In this document, you use the following billable components of Google Cloud:

  • BigQuery: You incur costs for the data that you process in BigQuery.
  • Vertex AI: You incur costs for calls to Vertex AI models.
  • Document AI: You incur costs for calls to the Document AI API.
  • Cloud Storage: You incur costs for object storage in Cloud Storage.

To generate a cost estimate based on your projected usage, use the pricing calculator. New Google Cloud users might be eligible for a free trial.

For more information, see the following pricing pages:

Before you begin

  1. In the Google Cloud console, on the project selector page, select or create a Google Cloud project.

    Go to project selector

  2. Make sure that billing is enabled for your Google Cloud project.

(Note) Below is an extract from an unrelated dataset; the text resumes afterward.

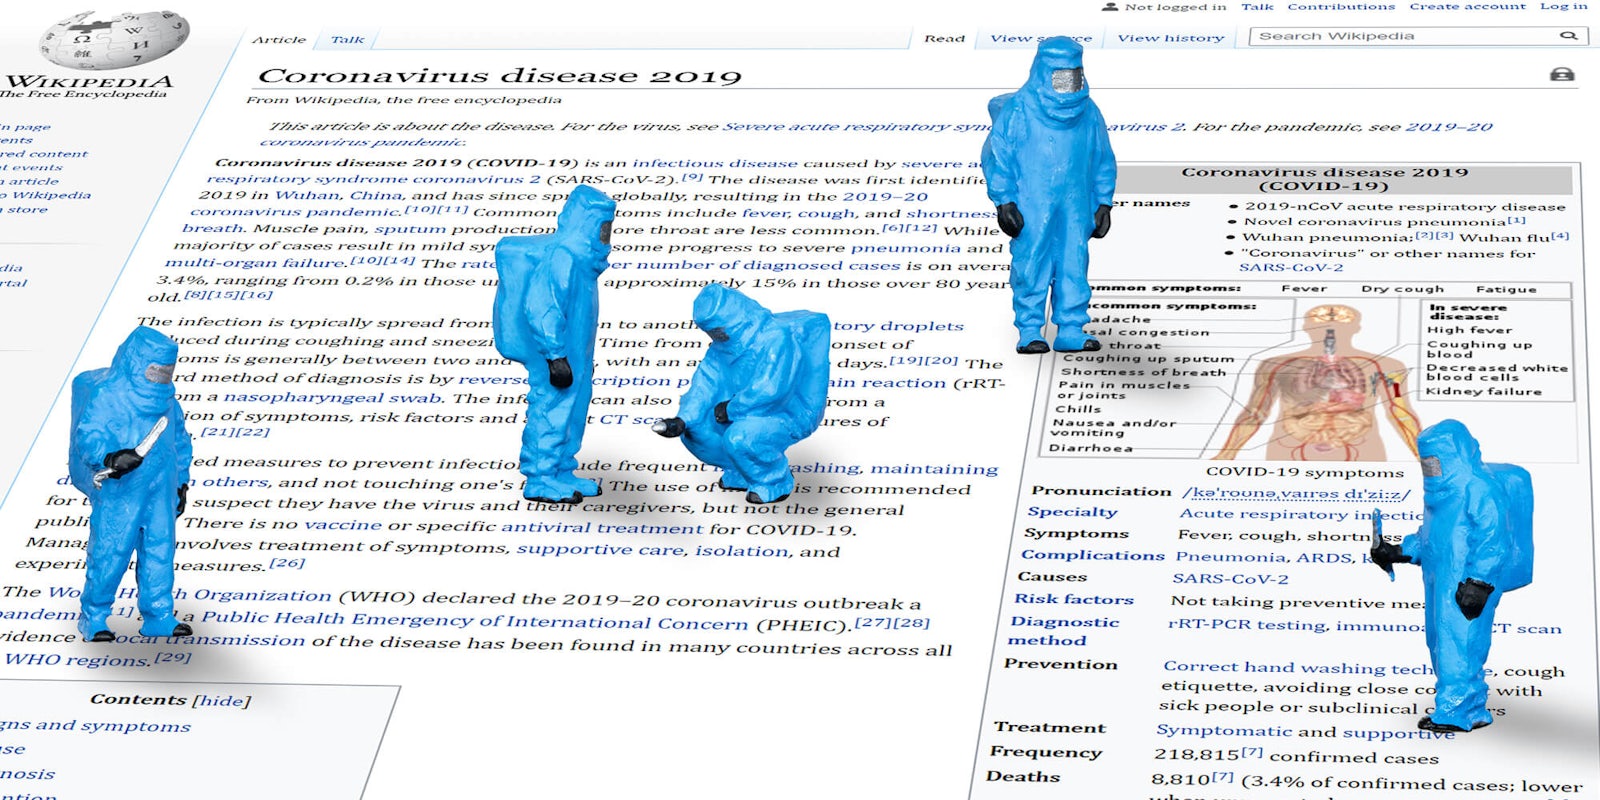 little scientists in hazmat suits examining Wikipedia's coronavirus page

  3. Enable the BigQuery, BigQuery Connection, Vertex AI, Document AI, and Cloud Storage APIs.

    Enable the APIs

Required roles

  • To create Cloud Storage buckets and objects, you need membership in the roles/storage.storageAdmin role.

  • To create a Document AI processor, you need membership in the roles/documentai.editor role.

  • To create a connection, you need membership in the roles/bigquery.connectionAdmin role.

  • To grant permissions to the connection's service account, you need membership in the roles/resourcemanager.projectIamAdmin role.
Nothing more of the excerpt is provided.